2. This appeal has been filed by the Appellants (the legal heirs of the original plaintiffs and other co-sharers) who are aggrieved by the dismissal of civil revision no.103 of 2024 by learned single judge of the High Court of Judicature at Patna which was in turn directed against order dated 7th February 2024 passed by Sub-Judge-01(East) Muzaffarpur in Miscellaneous Case No.07 of 2022, whereby petition for setting aside decree dated 22nd February 1994 in Suit 128 of 19891, on the basis of a compromise entered by Sub-Judge-01, Muzaffarpur2, was allowed.

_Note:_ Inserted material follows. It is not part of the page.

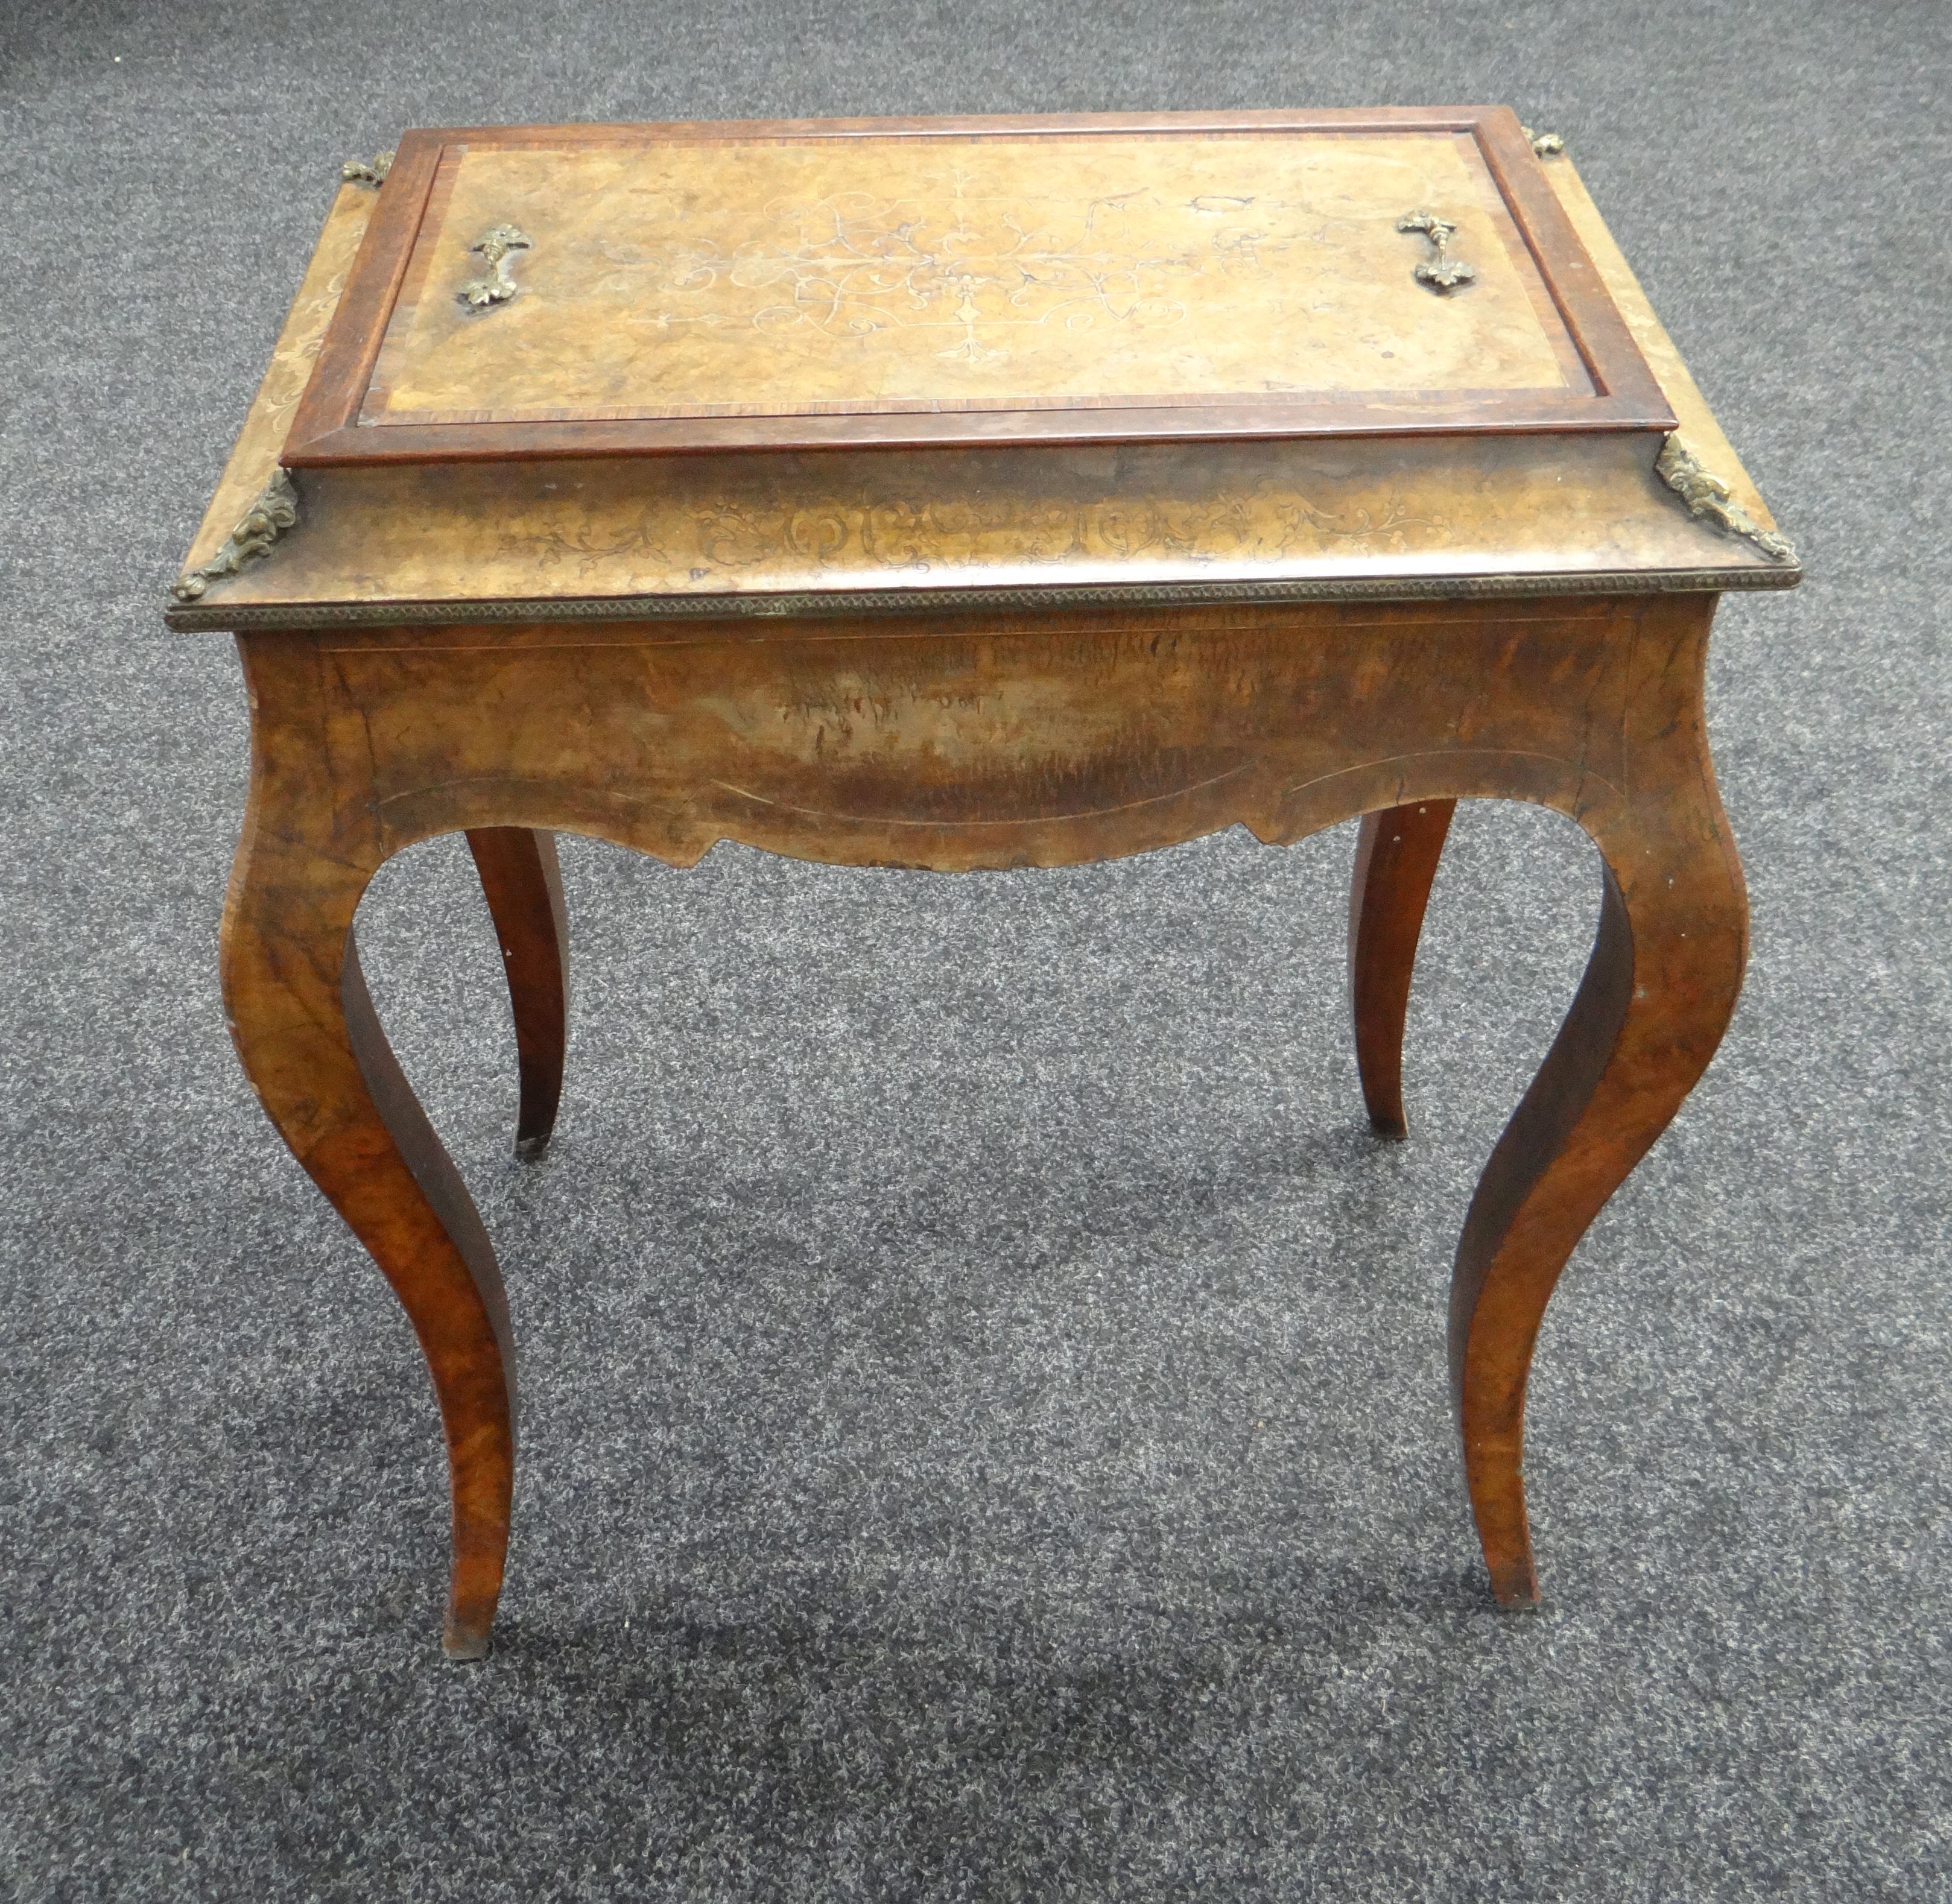 A NINETEENTH CENTURY MARQUETRY WALNUT SEWING TABLE with ormolu fittings and on shaped legs (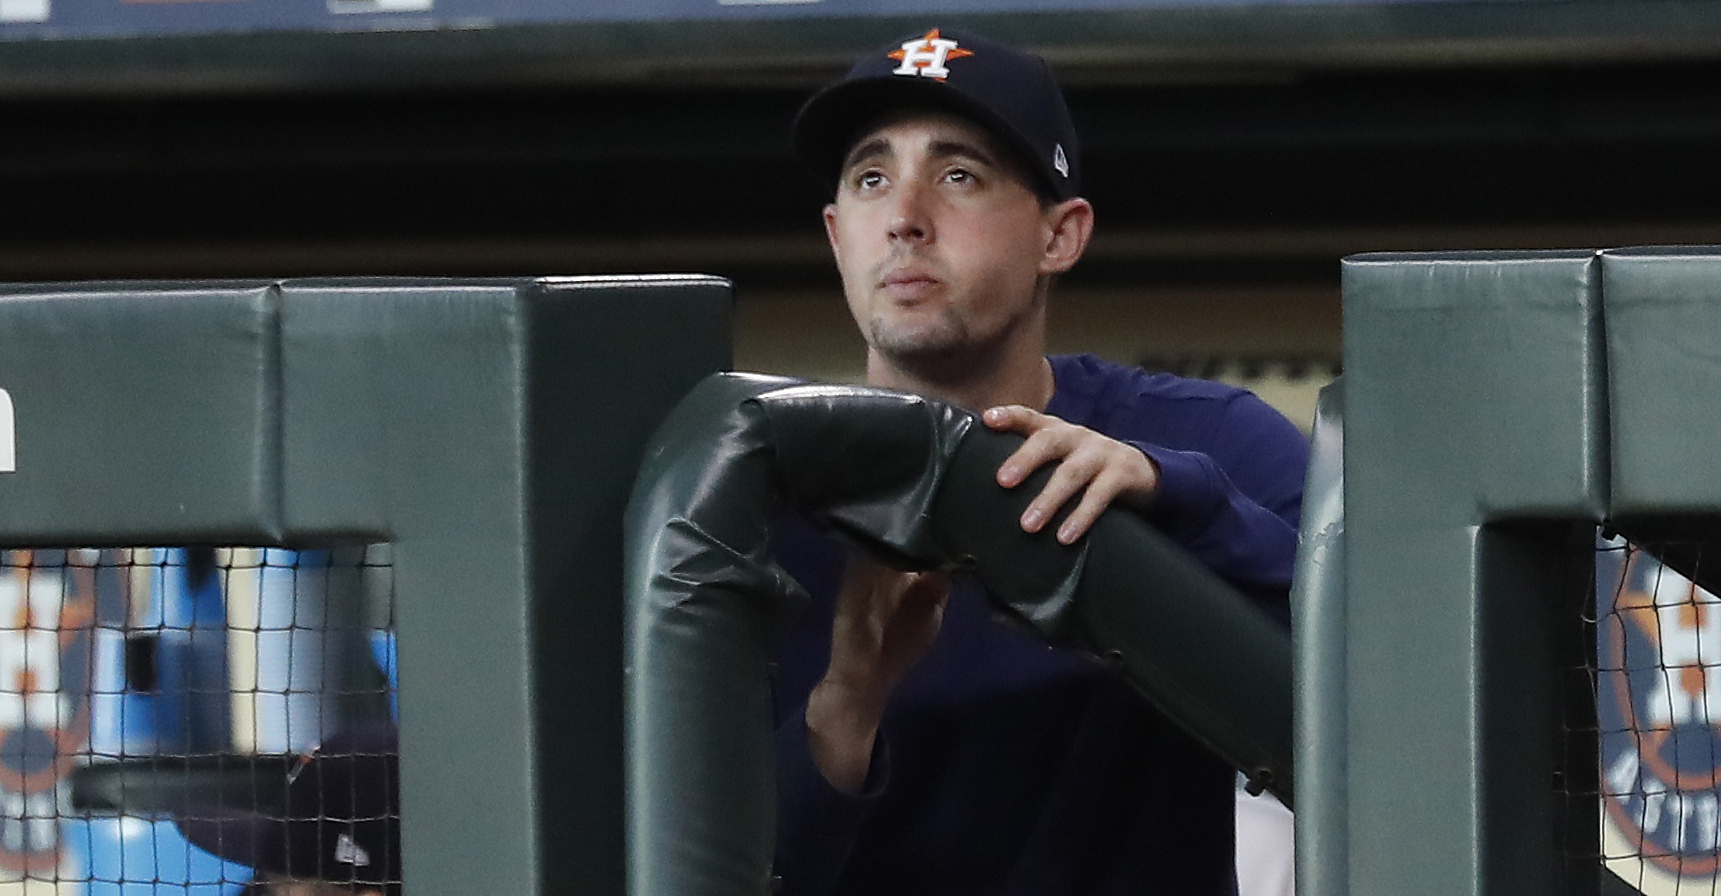 Aaron Sanchez's Astros future in question after surgery

3. The plaintiff, Dinbandhu Ojha, filed a partition suit, including, against the predecessors of the present respondent, seeking 1/4th share in the total property of common ancestor by the name of Thakur Ojha. Chaturbhuj Chaudhary (Defendant No. 5), the abovesaid predecessor of the respondents appeared through counsel on summons in the suit. During the pendency thereof, a compromise petition was filed by the plaintiffs and defendants ‘jointly’ which was accepted by Sub-Judge-01 Muzaffarpur vide order dated 22nd February 1994. Pursuant thereto, a final decree was prepared on 27th May 1997 in terms of the above said compromise petition. All appeared fine for approximately a quarter of a century thereafter, but it was not so. The defendant no.5 represented through LRs - the respondents herein filed a Miscellaneous Case No.07 of 2022 before the concerned Court on 7th April 2022, seeking setting aside of the aforesaid compromise decree on the ground that the same had been obtained by fraud and without the signatures of defendant no.5. The same was allowed by the Trial Court, on 07.02.2024. Appeal thereagainst has been dismissed by the High Court. Hence, the case is before us.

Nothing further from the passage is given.